How I learnt to love Ed Balls

Ed Balls (Getty Images) 
issue 16 September 2023

The co-host of my new podcast once threatened to sue me for libel. For my part, I did everything I could to put him on the dole. If we’d lived in Tudor times we’d probably have tried to get each other’s heads chopped off. Now Thursdays will be spent with Ed Balls, as we record our weekly show Political Currency. Earlier this summer he was dancing at my wedding. I told him I thought it was an extraordinary turn of events when I recall the ferocity of our old debates. ‘Remember how we hated each other, Ed?’ He corrected me. ‘That’s not true. You and Gordon Brown hated each other. David Cameron and I never liked each other. But you and I always had mutual respect.’ He’s right. There are few people whose insights into economics and politics I’d rate higher, even though we still often disagree. When people want to criticise our show, they say we’re ‘centrist dads’. It’s meant as an insult, apparently. I’m not sure why. Do we want the world run by extremist bachelors?

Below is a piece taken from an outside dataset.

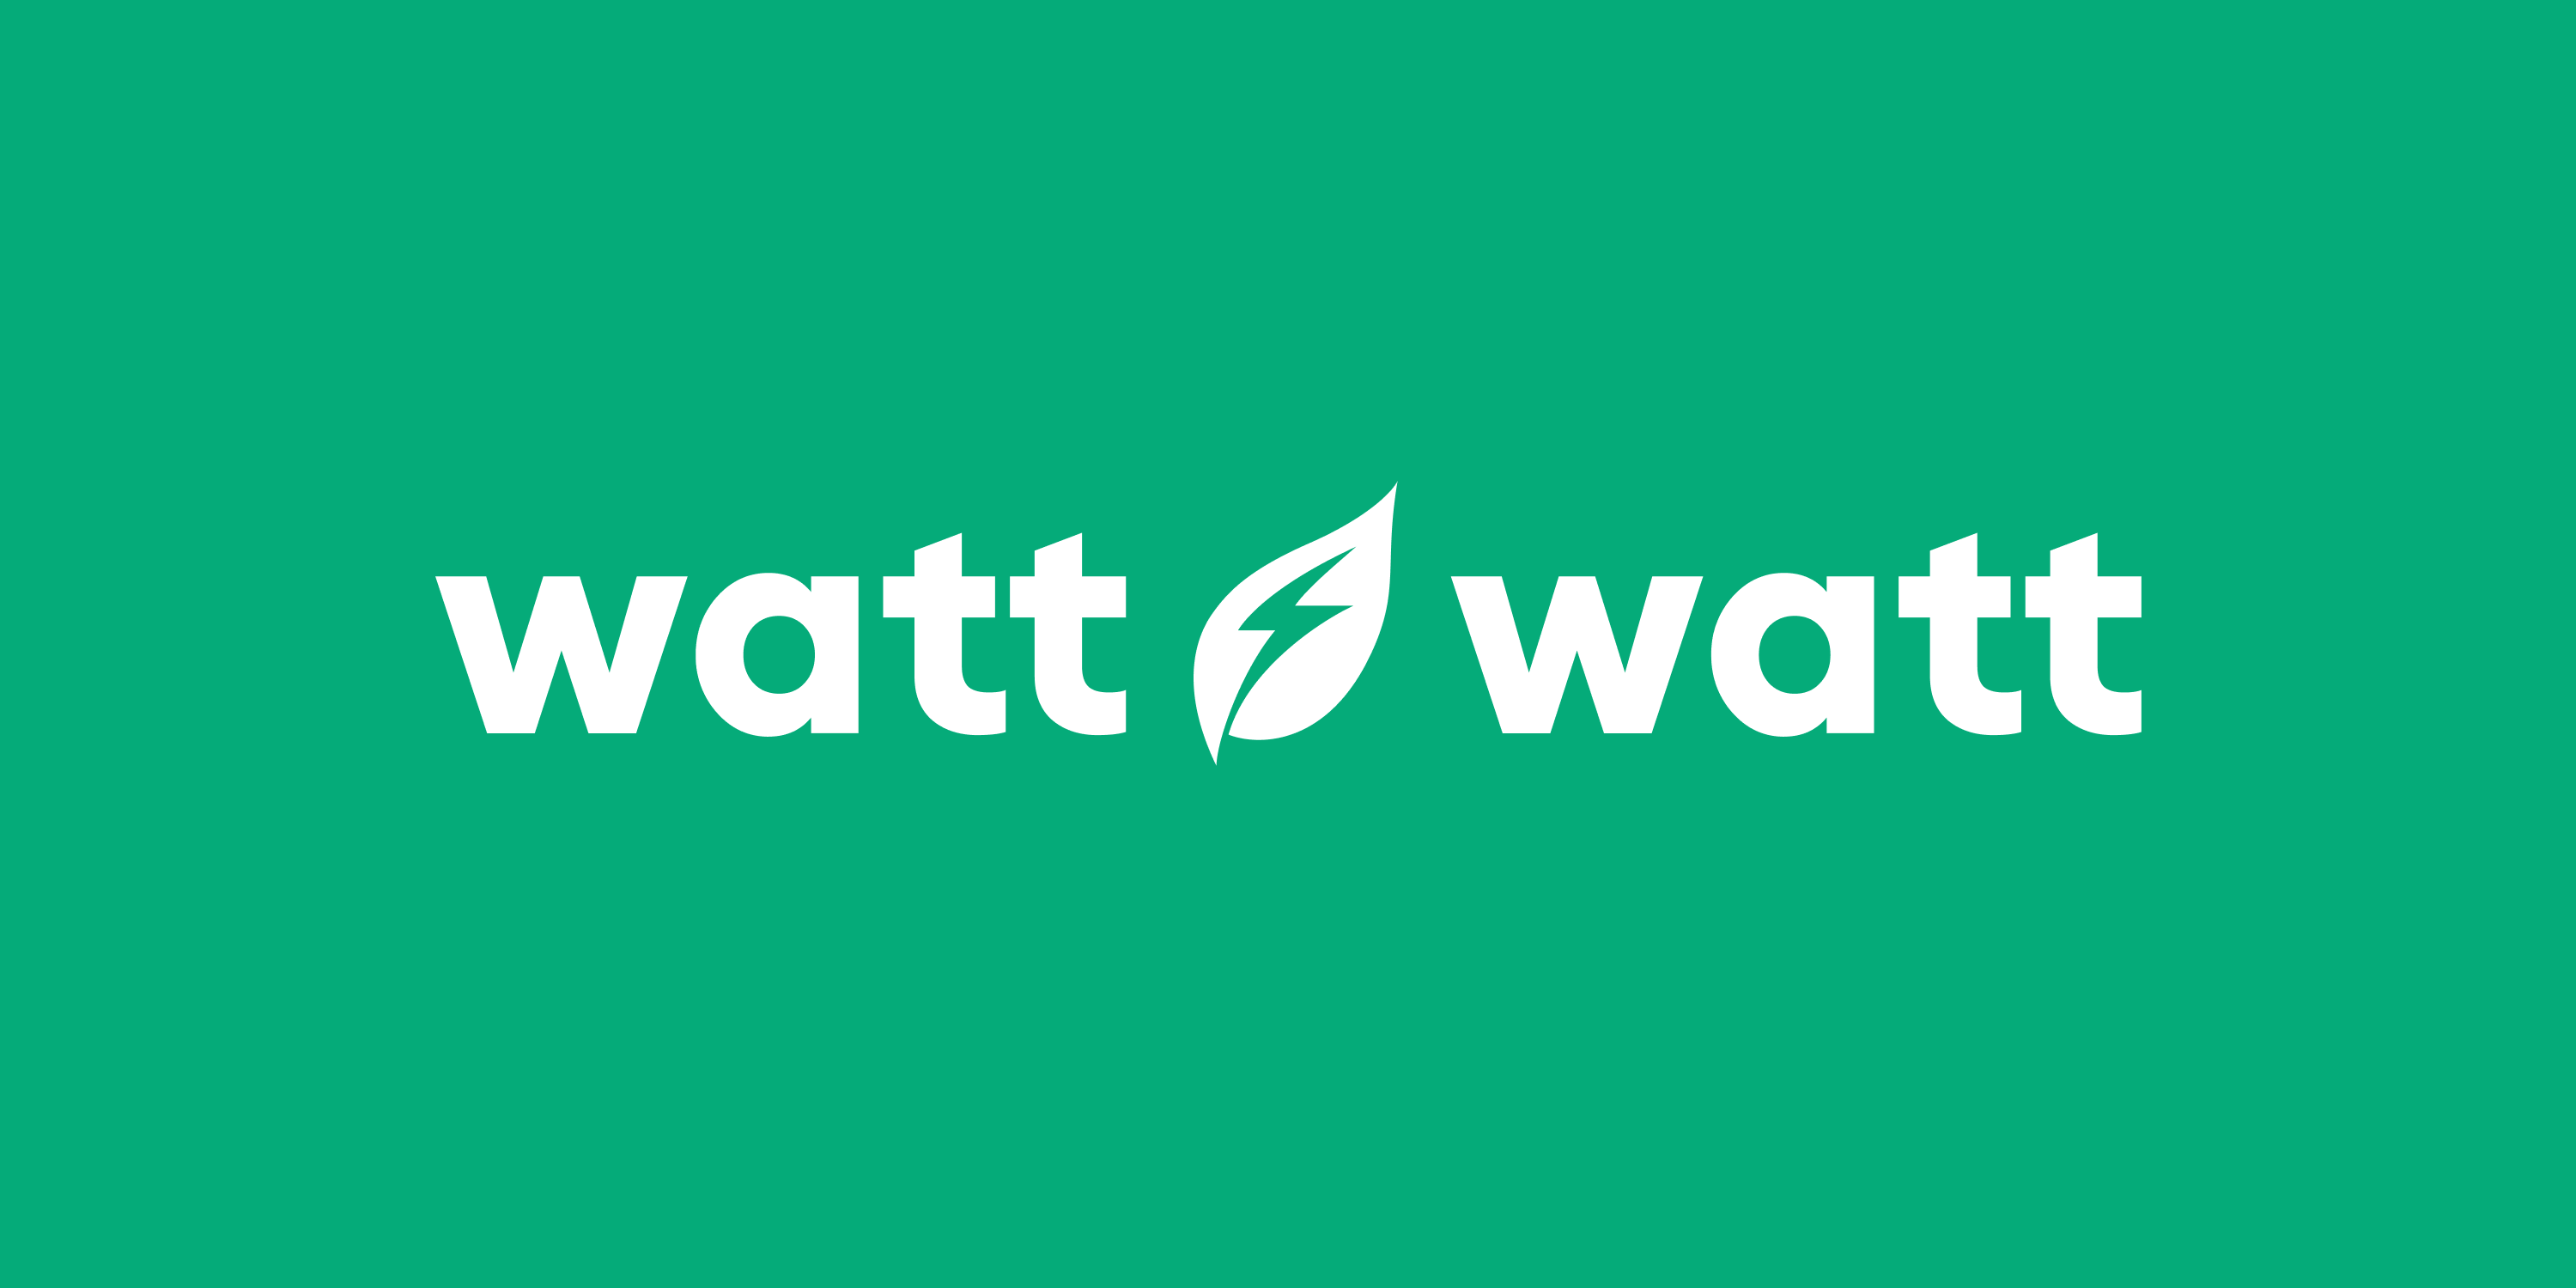 Watt Watt

Tuesday morning, and a group of MPs and peers come to see our latest British Museum exhibition. The director has just resigned so, as chair, I step in to play host. It’s a spectacular, brave show about China in the 19th century that confronts the rebellions and wars which made for one of the most difficult periods in its history. The exhibition has been hugely popular, with tens of thousands of visitors, including many young Chinese. It’s a story no other museum in the world would have the collection or the courage to tell, and a reminder that the BM is more relevant than ever.

One exhibit is a painting, lent by the King, of a Pekinese puppy taken after the British army sacked the Summer Palace, and presented to Queen Victoria.